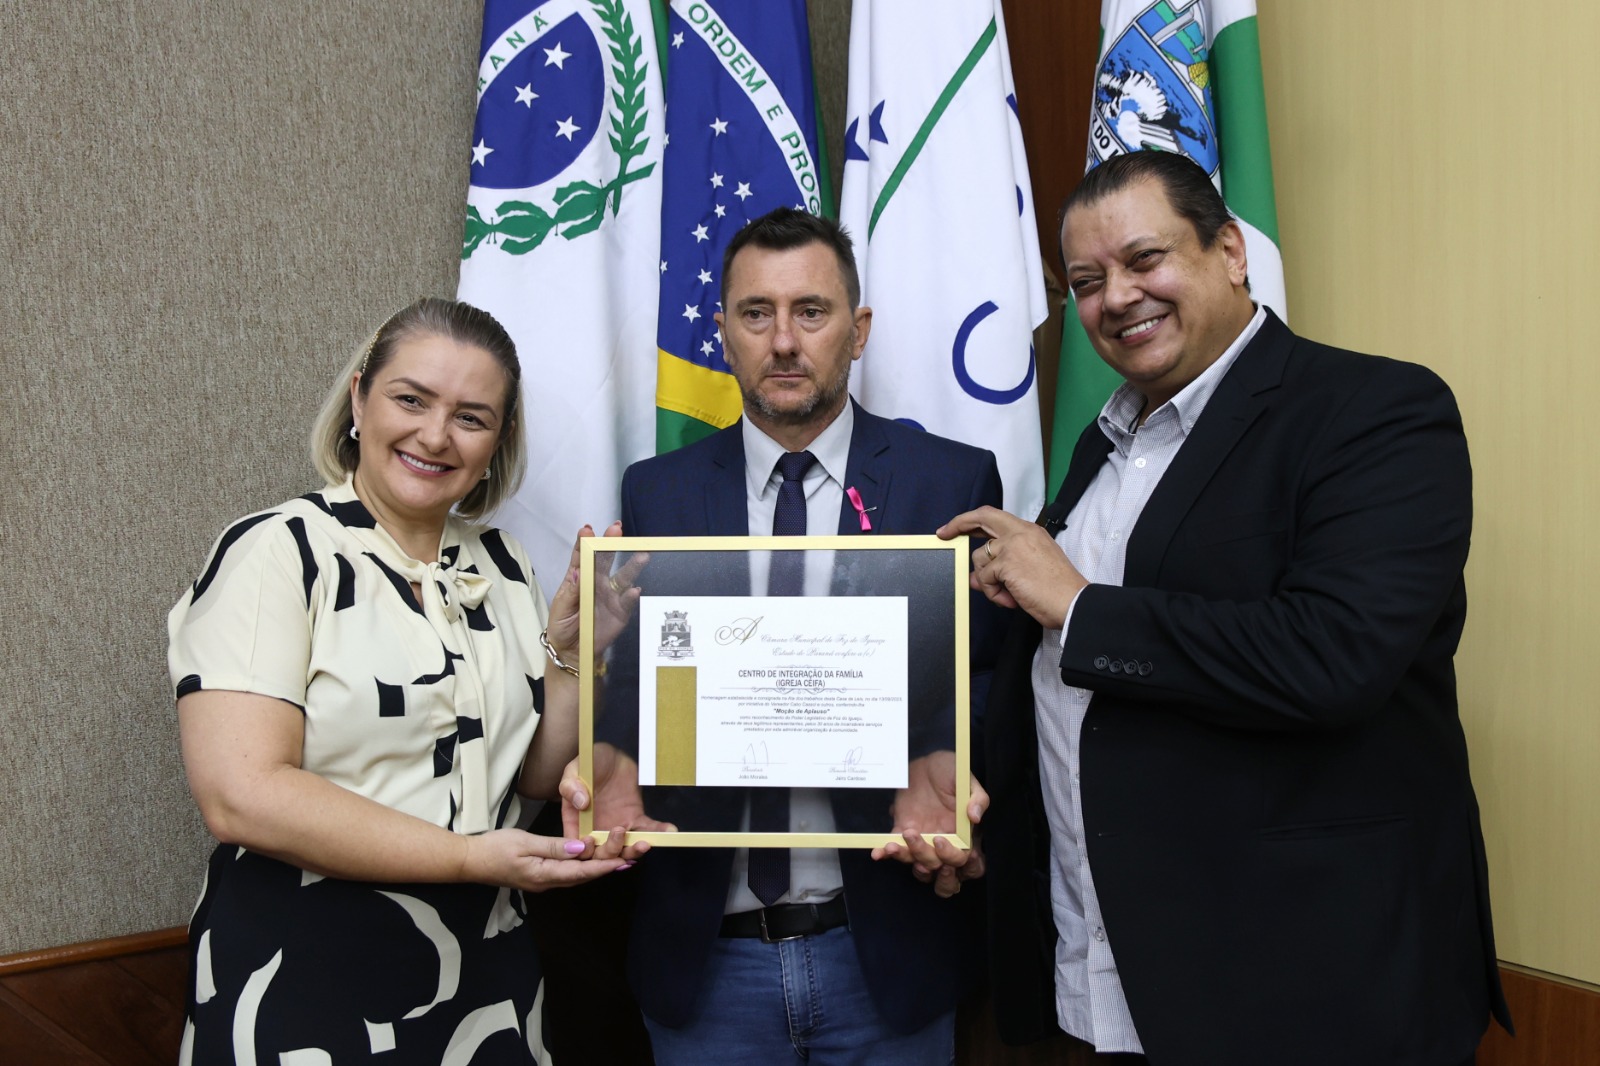 Igreja CEIFA de Foz do Iguaçu é homenageada pela Câmara de Vereadores
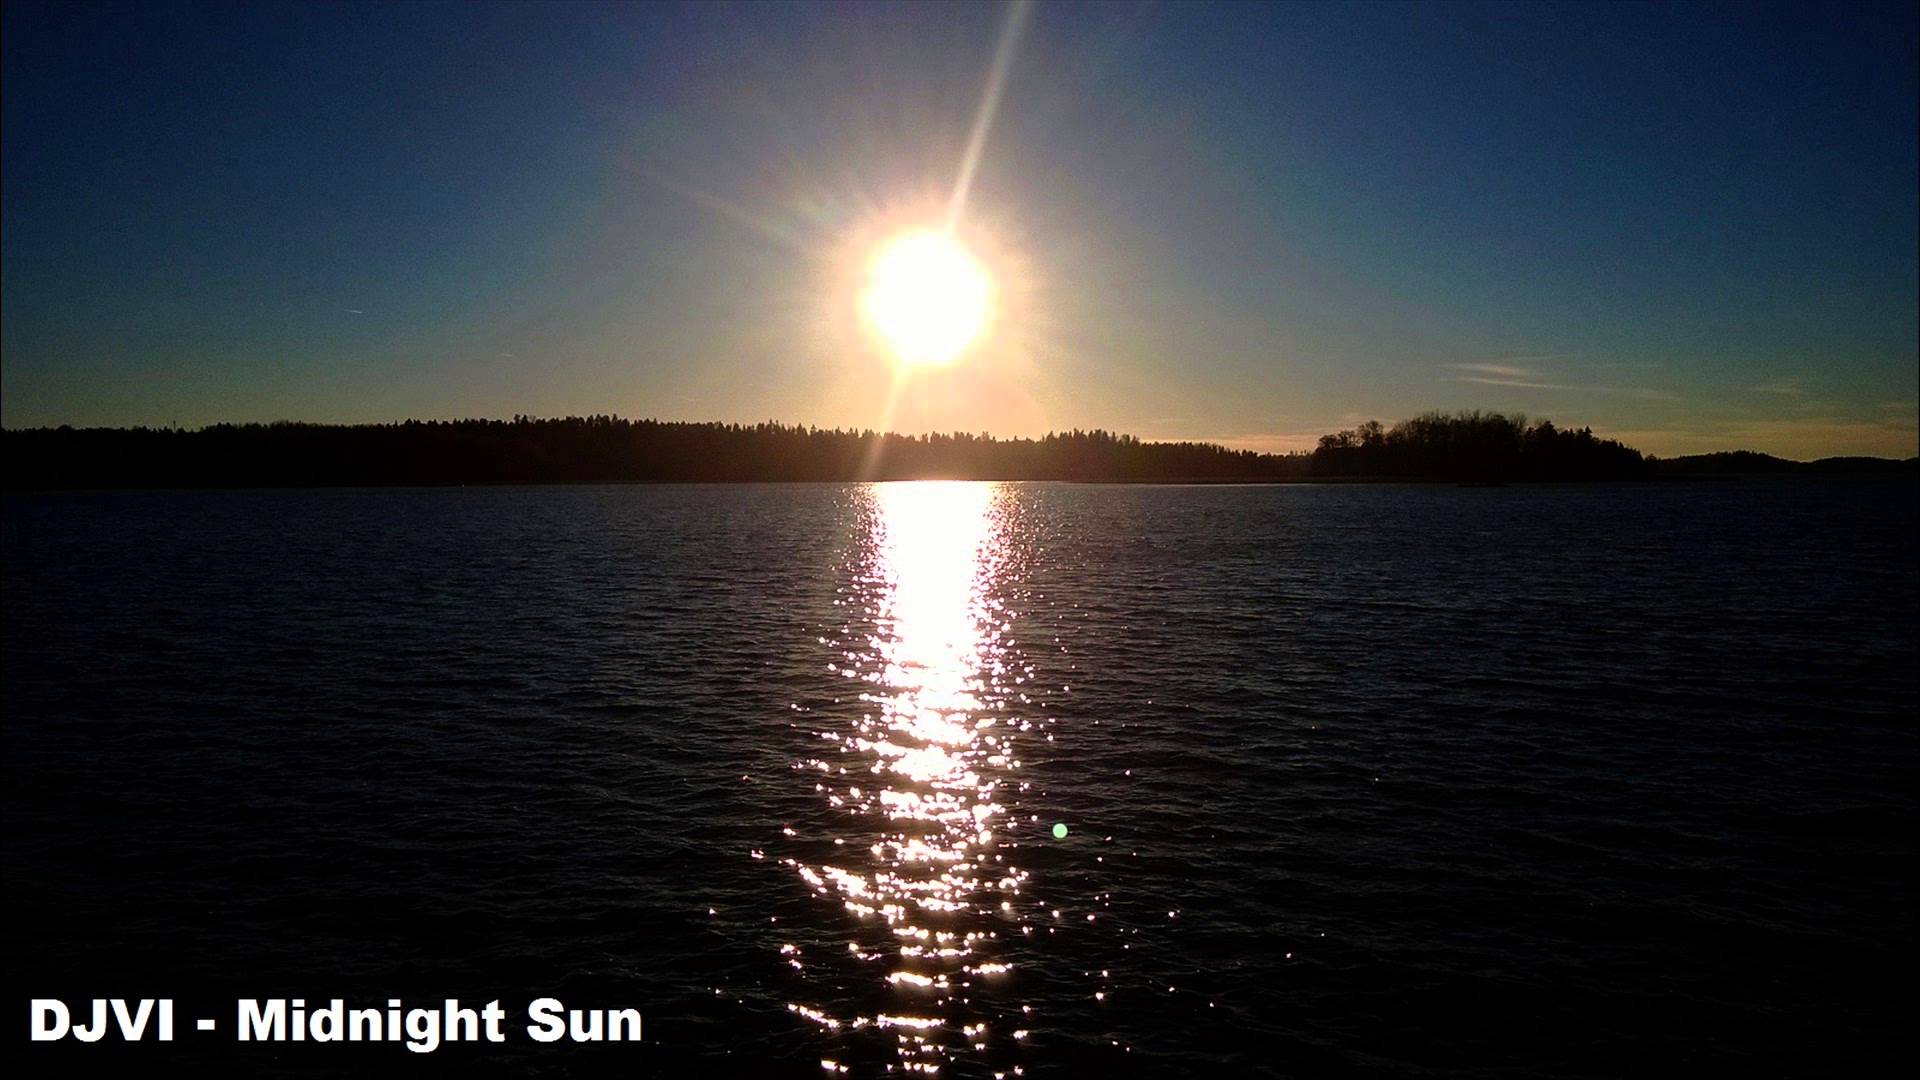 DJVI - Midnight Sun - YouTube
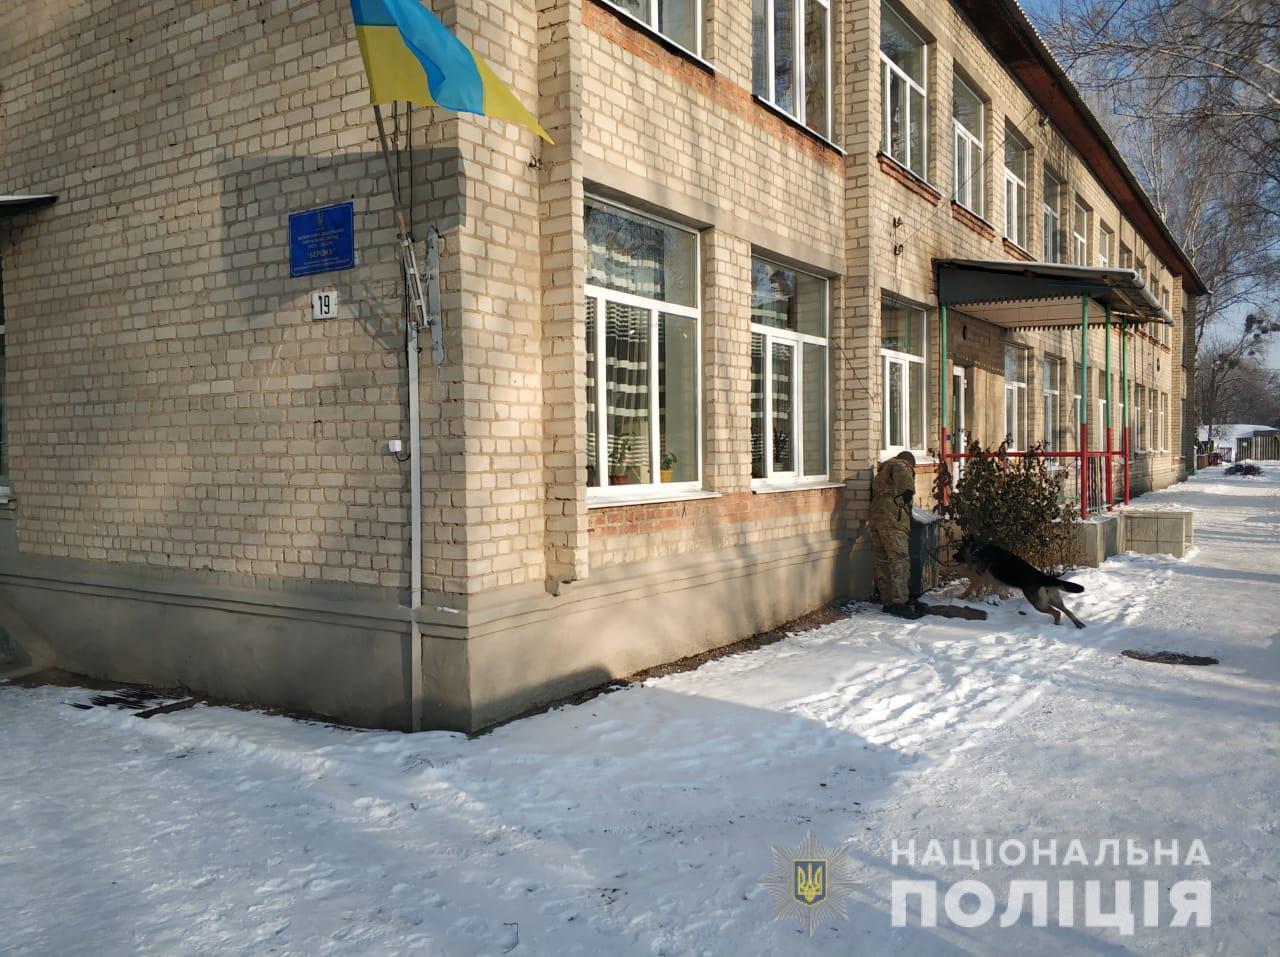 Поліцейські оперативно затримали чоловіка, який повідомив про замінування шести установ в одному з райцентрів Харківщини
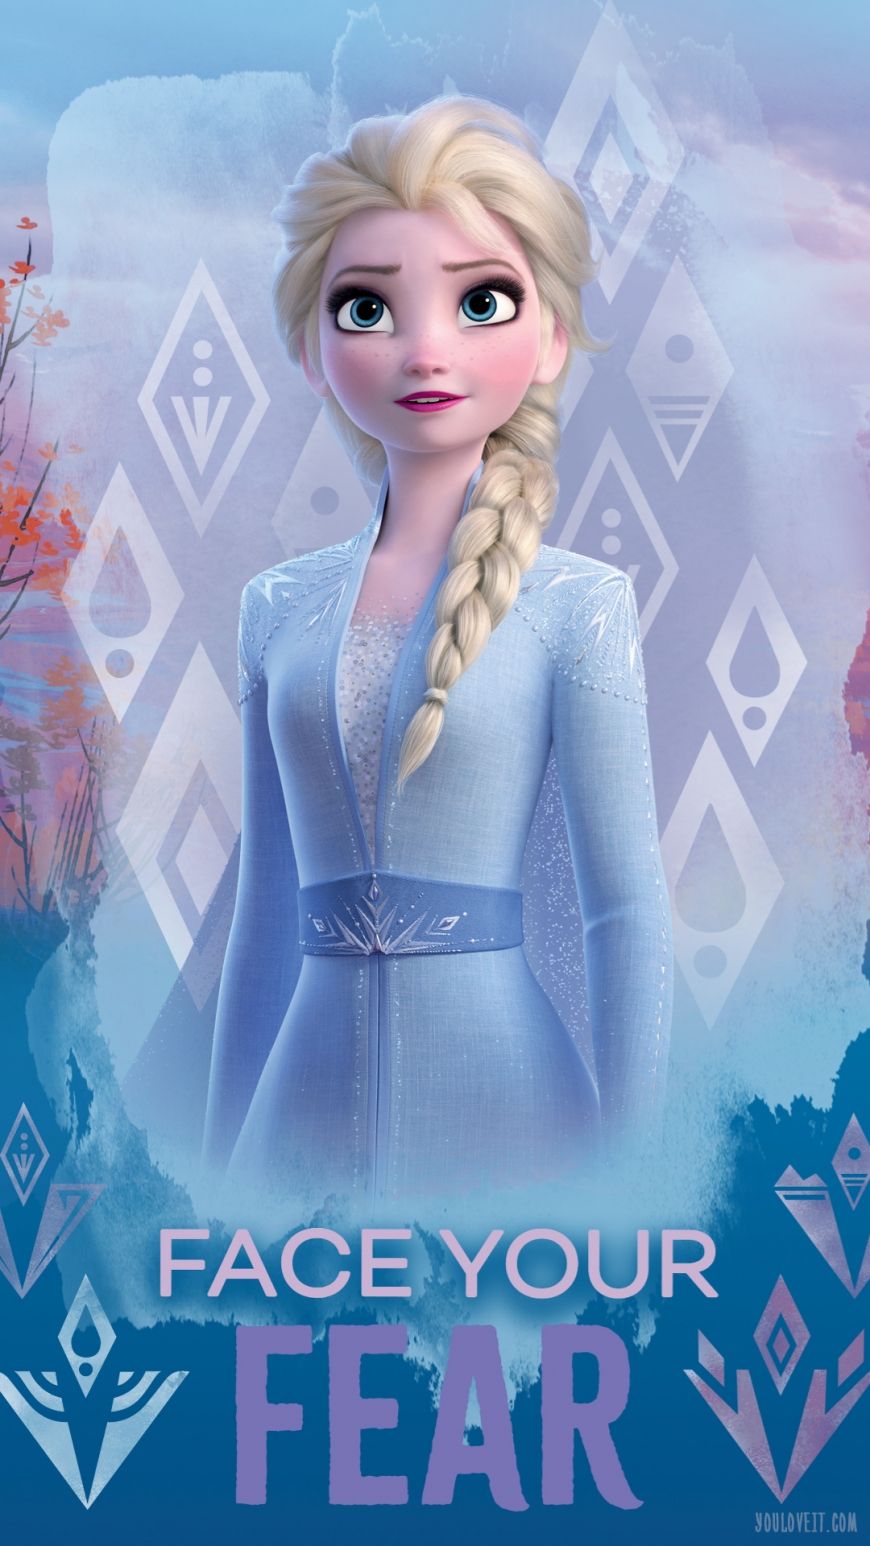 Big Frozen 2 phone wallpaper with Elsa. Frozen
^^^^^^^^^^^^^^^^
ASSIGNMENT →
Retype the entire listing exactly as it appears, dropping only the pictures.

TASK ANSWER →
 Igreja CEIFA de Foz do Iguaçu é homenageada pela Câmara de Vereadores
 DJVI - Midnight Sun - YouTube
 Поліцейські оперативно затримали чоловіка, який повідомив про замінування шести установ в одному з райцентрів Харківщини
 Big Frozen 2 phone wallpaper with Elsa. Frozen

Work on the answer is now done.